As you can see it's mostly a suite of KEY=VALUE pairs, similar to your shell environment. Ultimately some of these parameters are only used by the initrd/initramfs init, or the system init process, or by scripts and programs started by init (systemd on most common Linux systems today).

For example ro indicates that the root filesystem should be initially mounted in "read-only" mode. The actual mounting of the root filesystem (as specified by the root= parameter) is performed by the kernel. But the common case there is for an initial RAM filesystem (ramdisk) to be created, mounted on root, and populated (initramfs images are a compressed cpio compatible file).

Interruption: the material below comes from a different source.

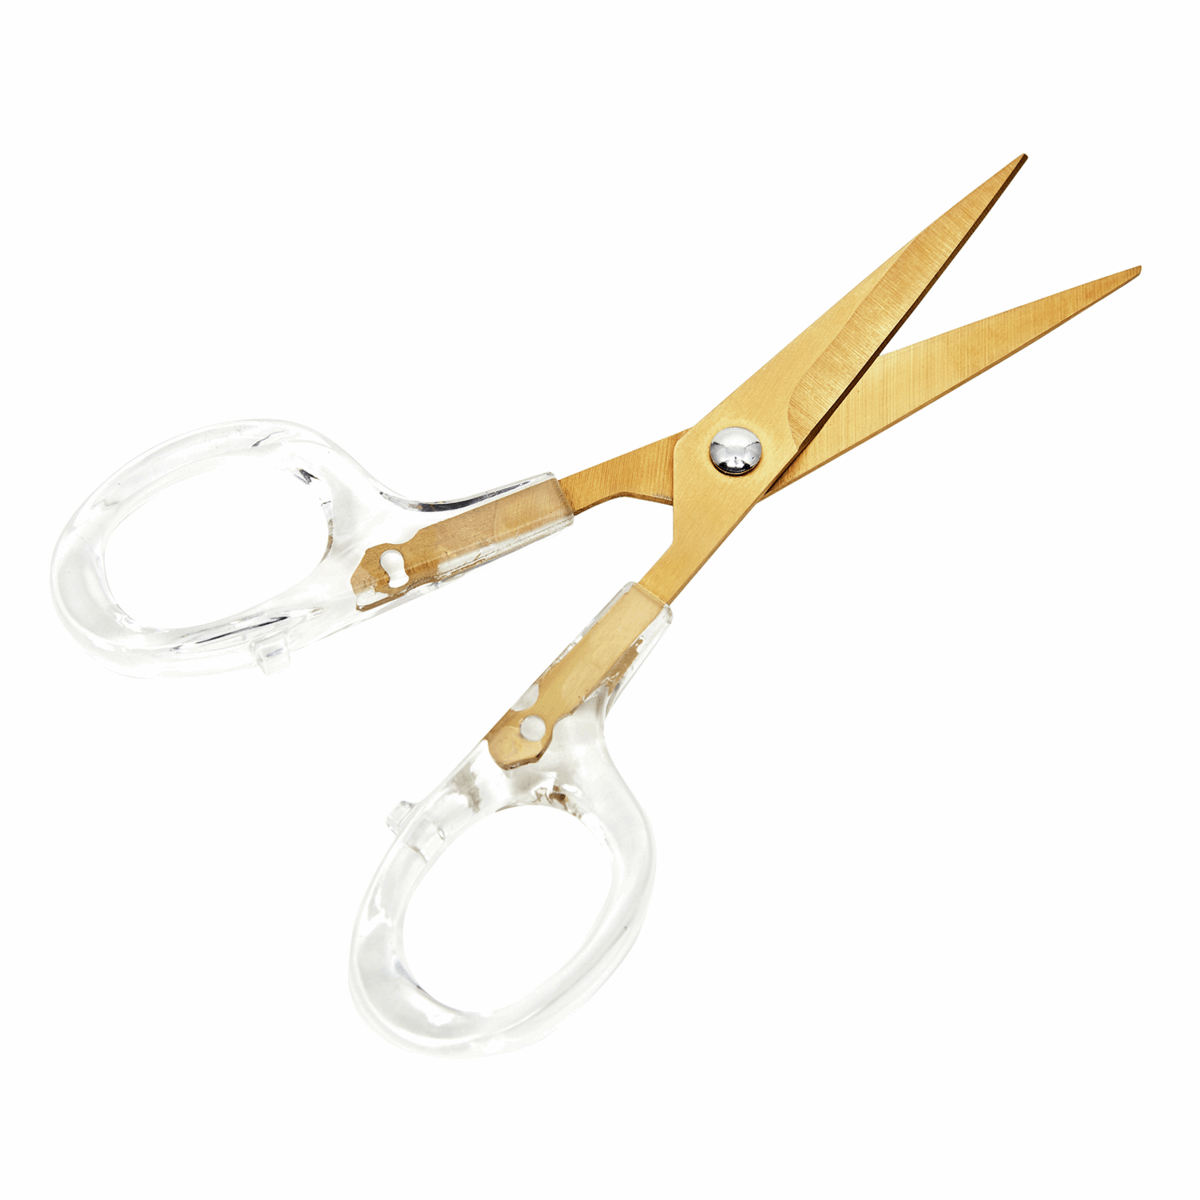 Premium Brushed Gold Embroidery Scissors - 12.5cm/5in *Hemline Gold Edition*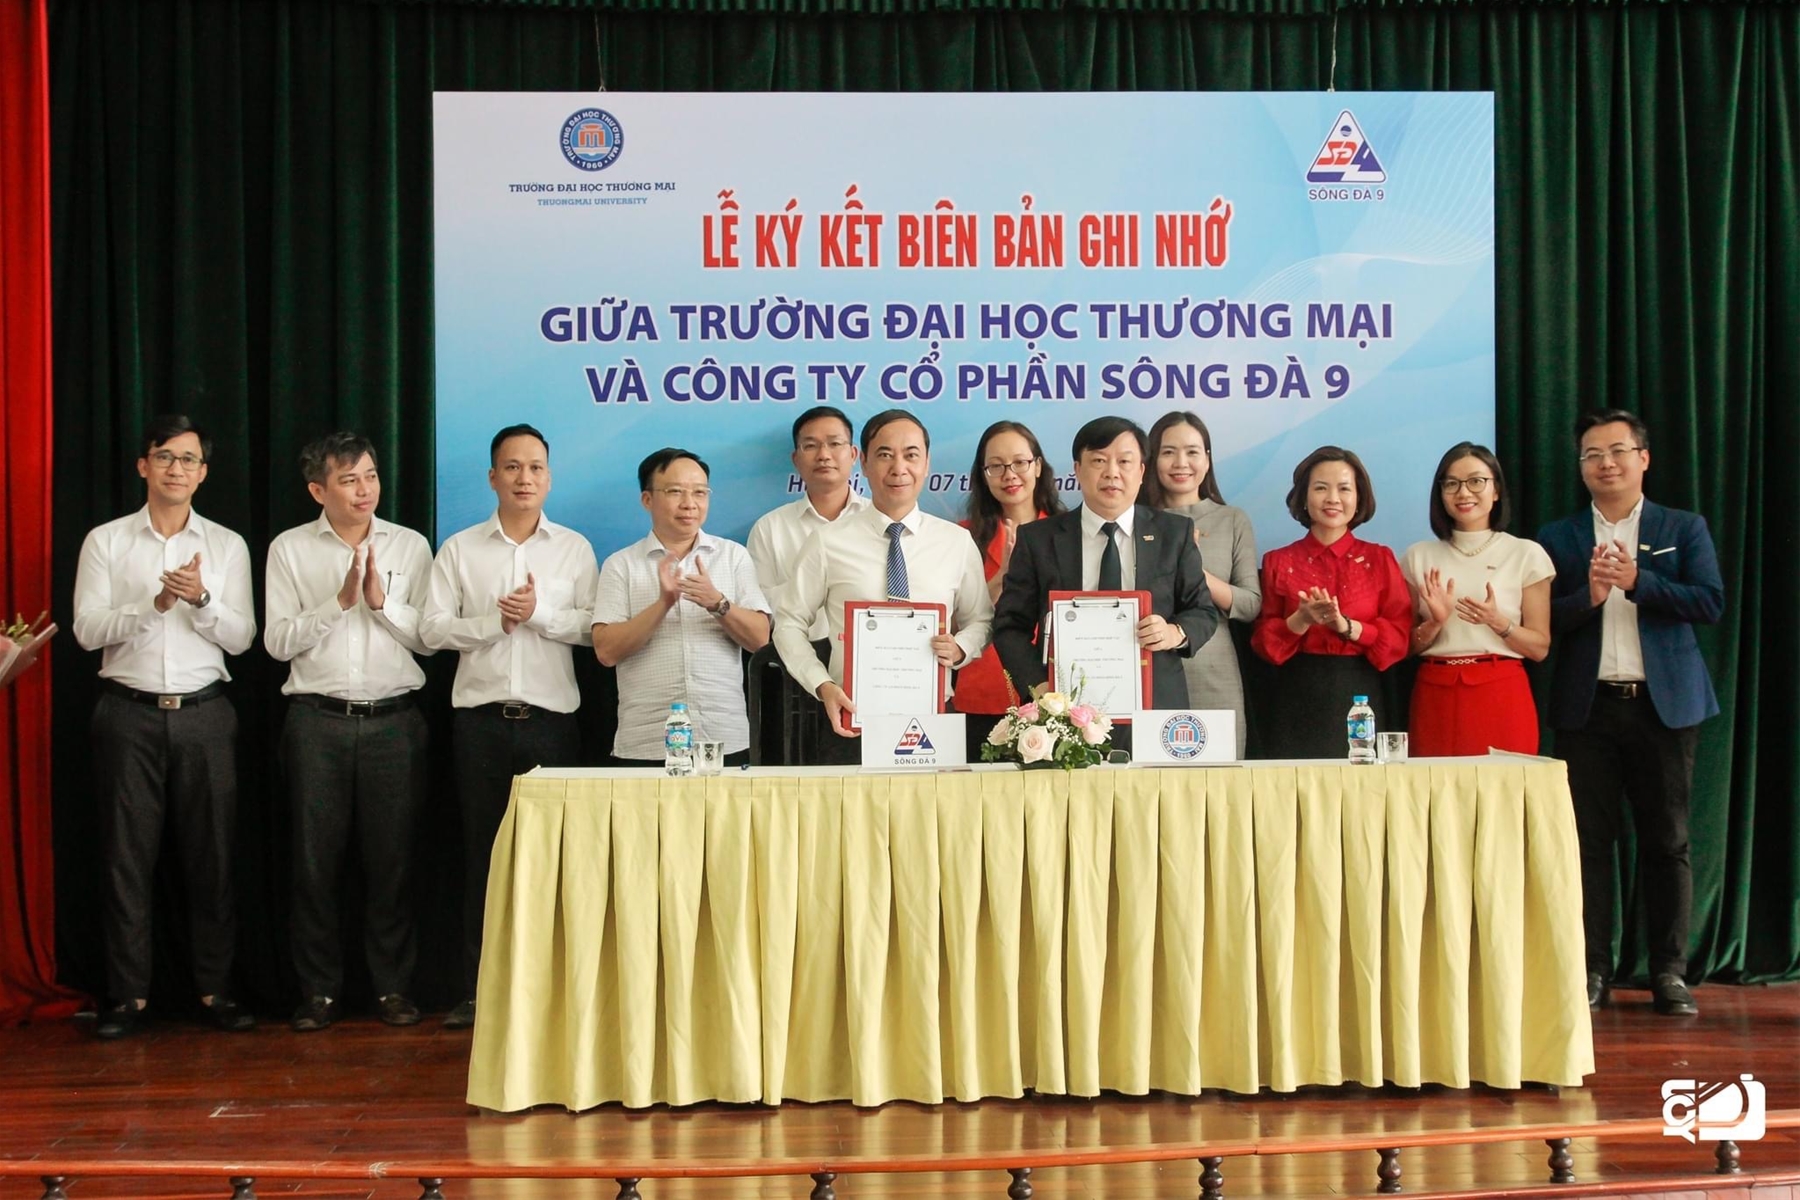 Signing ceremony of a Memorandum of Understanding between University of Commerce and Song Da 9 Joint Stock Company

An executable named init in the root directory of that RAM disk image can then load modules, activate LVM volume groups, attach network storage systems such as from a SAN (storage area network), or do other things before mounting the (real) root filesystem and performing a pivot_root.

After pivot_root the kernel will search for the init executable (normally a component of systemd under most modern Linux distributions) and execute it with KEY=VALUE parameters in the init environment an any remaining kernel parameters (such as an old SysV runlevel number or indicated like "S" for single user mode) or the "quiet" seen in my example, passed as command line arguments.

In other words the Linux boot process, and its handling of dynamically (bootloader) provided parameters is complicated.

You can read more canonical documentation on this here: https://www.kernel.org/doc/html/v4.12/admin-guide/kernel-parameters.html

Of particular note is that the dynamic loading of Linux kernel modules (using the modprobe, but which is often triggered by events in the udev ... user-space device management ... subsystem ... this loading mechanism scans the kernel command line and relays those parameters to modules as they are loaded. Thus any parameters for modules can be established at boot time (but possibly over-ridden at load time, and, in some cases, they can be modified by operations on their own nodes under the */sys*** filesystem (which is a kernel interface abstraction similar /proc).

I hope that helps.

As for the meta question; I think it should be fine in the Unix & Linux StackExchange. Feel free to relay my answer over there or wherever is deemed to be appropriate for the question and its answers.